Okay, then. Lagrange points, right?

Imagine the Earth and the Moon, sitting in space near each other. Don’t worry about orbital motions yet – just pretend that the two are fixed. Each body has a gravitational field, which we can visualize by a contour map of potential energy levels: far away from both the Earth and Moon, an object would fall generally inwards toward them, with potential energy decreasing as it goes in. The closer an object gets to either body, the stronger the gravitational pull, so the contour lines must be spaced closer together. And somewhere in the middle, the gravitational force of the Earth and Moon will balance each other exactly, so there is a level spot in the potential energy map.

This isn’t the whole story about bodies in space, though, because the Earth and the Moon aren’t fixed. They orbit around each other. An object we place near the Earth and Moon will also orbit around them. And because of that orbital motion, the energy of the object must include a component from rotation – which we can incorporate into the *effective* potential energy map around the Earth and Moon. Picture sitting in a spaceship somewhere “above” the Earth-Moon system that rotates at the same rate as the Moon orbits the Earth, such that from your perspective the Earth and Moon appear fixed in space. Then the effective potential energy map must have a component accounting for that rotation, just like on the merry-go-round. The map will look something like this:

Notice that there are five places on the map where the “topography” is locally *flat* – meaning that there is no net force acting on an object there. Between the Moon’s gravity, the Earth’s gravity, and the objects’ own orbital rotation, objects in those locations are at *equilibrium**!*

These are the Lagrange points, and this is what makes them special: place a satellite at a Lagrange point, and it will stay there.

The reason why these points are attractive places to put a space station is because it’s easier to get to Lagrange points from the Earth’s surface than it is to go all the way to the Moon – and vice-versa. In terms of our effective potential energy map, we have to cross fewer contour lines to get from the Earth to, say, L2 than we do to get to the Lunar surface. Every time we want to cross a contour line, we gave to make our spaceship gain or lose kinetic energy, and that means firing the engine – so crossing fewer contour lines directly corresponds to using less propellant or power.

If NASA located a space station at L2, then it could launch crews to the station with a smaller rocket than it would need to put the same crew on the Moon. NASA could also launch exploration vehicles and extra fuel to the station, so that the crew could eventually shuttle from the Earth to the station, and then take the station-to-Moon express from that point, at their leisure.

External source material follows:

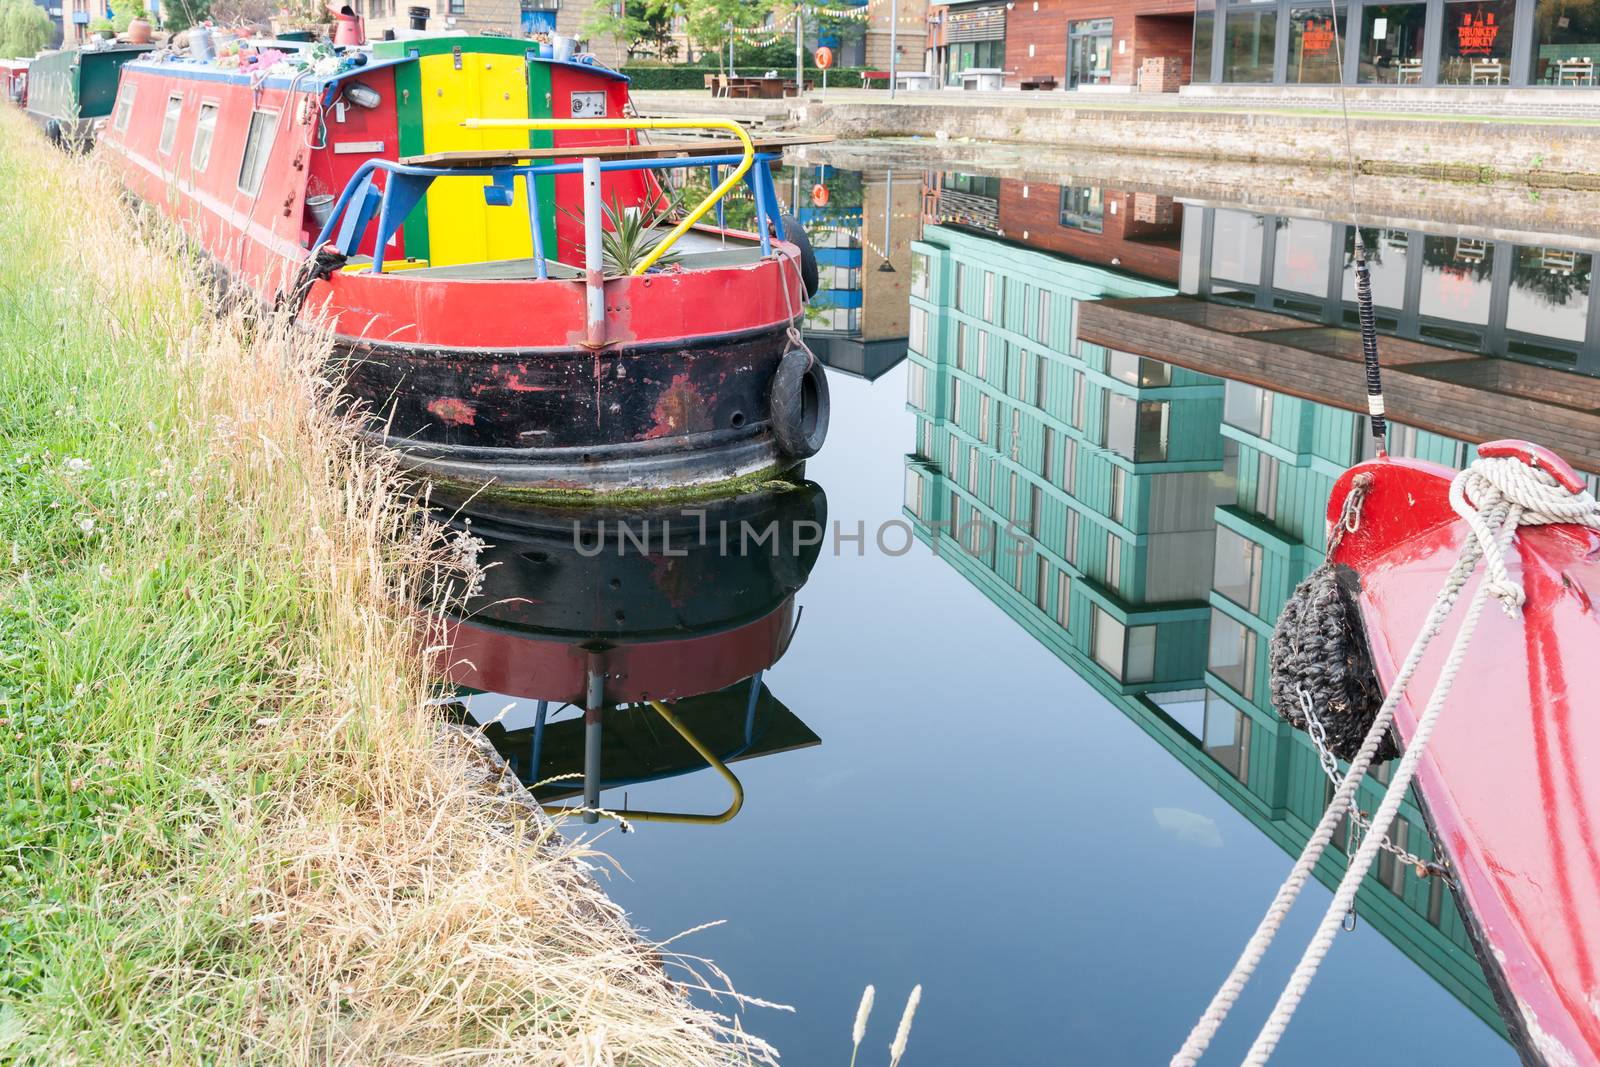 Bright primary colors canal boat, house boat, in London England

So: The reason why a station at L2 is exciting is not that L2 is an especially exciting place, but that the station would be part of a larger space exploration *architecture*. Not just flags and footprints, but more stations and vehicles and astronauts!

Great post—but a colleague pointed out to me that doesn’t have units of energy. Is that a typo? Shouldn’t it be $momega^2 r^2$?

Quite right! That’ll teach me to have my notes sitting someplace other than where I’m typing. I was mixing up the energy in terms of omega with the energy in terms of v. E = Iw^2/2, and I goes as mr^2. Thanks for the correction!